One of the things that is incredibly frustrating though (from an admin perspective) is the convoluted mess we have today with every plugin author doing something just a little bit different.
If you have multiple plugins installed, from multiple vendors/ authors then the chances are one plugin uses radio buttons, another plugin uses check boxes, another uses sliders.
Some default to having options turned on, while other default to having options turned off.
I have to consciously remember does selecting an option actually enable a feature or disables a feature instead.
Maybe ClassicPress should enforce a whole settings paradigm where ClassicPress could provide a UI framework not just for security settings, but also for other general settings.
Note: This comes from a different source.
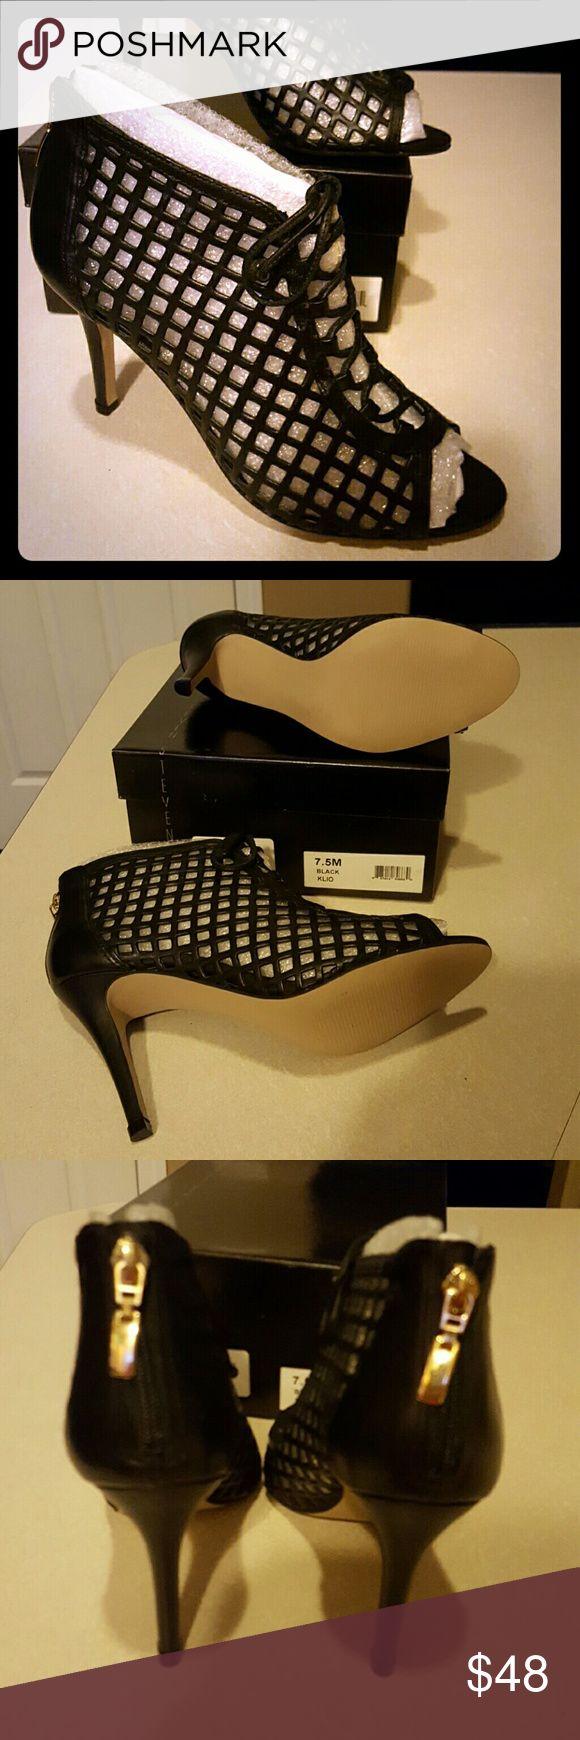 New Steve Madden Brand new Steve Madden Klio heels, gorgeous, sexy and versatile, 7.5, black heel is 4 inches. Steve Madden Shoes Heels

Then plugin authors could interface with that framework.
Where a plugin’s settings becomes a child object of the parent CMS settings?
That way you could enforce some uniformity and UI/UX standards behind the scenes.
Plugin authors could still have their “promotions” but they would be confined to their plugin settings “tab” or page or what have you.
For that matter maybe it’s worth adding to core an API for displaying different (and STANDARDIZED) types of alert messages (Info, Warn, Error, Debug, etc. with an optional minimum role to show the alert to) to the admin that plugins could call so they all don’t have to roll their own too. Again just a thought.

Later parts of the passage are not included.